Takeaways
Meta’s Fundamental AI Research (FAIR) team is focused on achieving advanced machine intelligence (AMI) and using it to power products and innovation for the benefit of everyone. For more than a decade, we’ve been sharing cutting-edge research and collaborating with the global AI community. Our mission to achieve AMI is an extension of this commitment to innovating for the greater good. As Mark Zuckerberg noted in a recent open letter, open source AI “has more potential than any other modern technology to increase human productivity, creativity, and quality of life,” all while accelerating economic growth and advancing groundbreaking medical and scientific research.
Today, we’re excited to share some of our most recent research and models that support our goal of achieving AMI, while also supporting open science and reproducibility. These artifacts focus on the building blocks of AMI, including perception, speech and language, reasoning, embodiment, and alignment. Today’s release includes a variety of work from FAIR spanning these areas, including SAM 2.1, an update to our popular Segment Anything Model 2, refinement of sentence representations for LLMs, and more. Each work includes open source artifacts the community can use to further their own research and build on areas of interest.
By publicly sharing our early research work, we hope to inspire iterations and ultimately help advance AI in a responsible way. Maintaining an open science approach and sharing our work with the community helps us stay true to our goal of building AI systems that work well for everyone and bring the world closer together. We can’t wait to see what people build with these latest releases and continue the important conversations we’re having with the open source community.
Introducing Meta Segment Anything Model 2.1
In the 11 weeks since we shared SAM 2 with the open source community, the model has been downloaded more than 700,000 times, and the web demo has been used to segment hundreds of thousands of objects in images and videos. We’ve been blown away by the response and impact SAM 2 is already making across disciplines, including research with medical images, meteorology, and more. We’ve also been listening to feedback about how we can make SAM 2 even better.
Today, we’re sharing Meta Segment Anything Model 2.1 (SAM 2.1), an updated checkpoint with stronger performance.

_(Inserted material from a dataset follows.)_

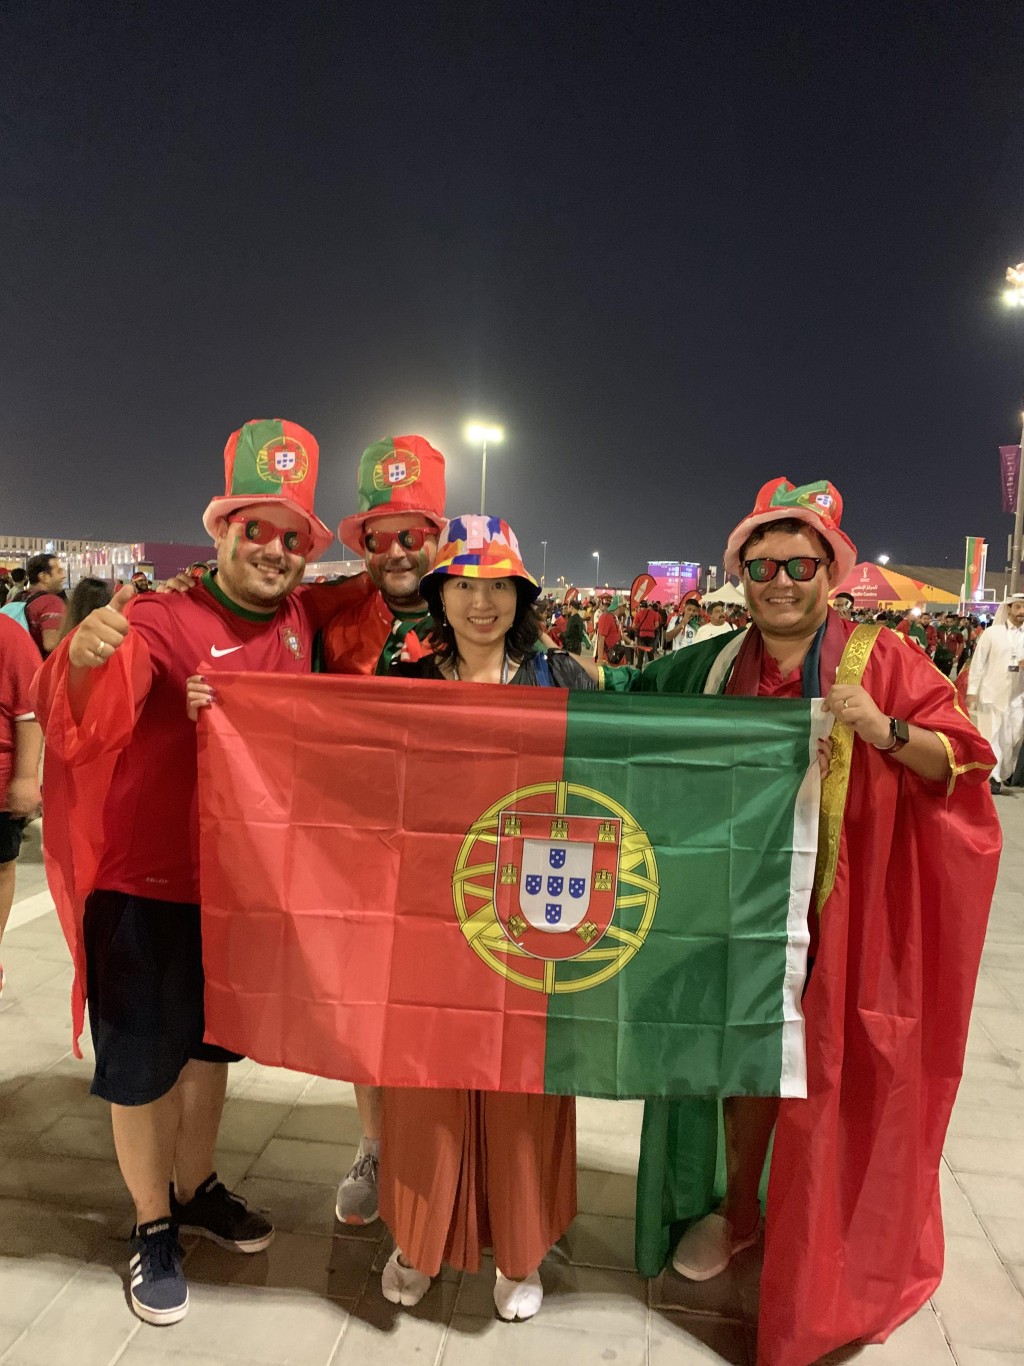 葡萄牙球迷在外形像金饭碗的球场外合照。

We introduced additional data augmentation techniques to simulate the presence of visually similar objects and small objects where SAM 2 previously struggled and also improved SAM 2’s occlusion handling capability by training the model on longer sequences of frames and making some tweaks to positional encoding of spatial and object pointer memory. Further details and results are provided in our updated paper.
We’re also sharing the SAM 2 Developer Suite, a package of open source code to make it easier than ever to build with SAM 2. This release includes training code for fine-tuning SAM 2 with your own data, and for the first time, we’re sharing the front-end and back-end code for our web demo.
Meta Spirit LM: An open source language model for seamless speech and text integration
Large language models are frequently used to build text-to-speech pipelines, wherein speech is transcribed by automatic speech recognition (ASR), then synthesized by an LLM to generate text, which is ultimately converted to speech using text-to-speech (TTS). However, this process compromises the expressive aspects of the speech being understood and generated. In an effort to address this limitation, we built Meta Spirit LM, our first open source multimodal language model that freely mixes text and speech.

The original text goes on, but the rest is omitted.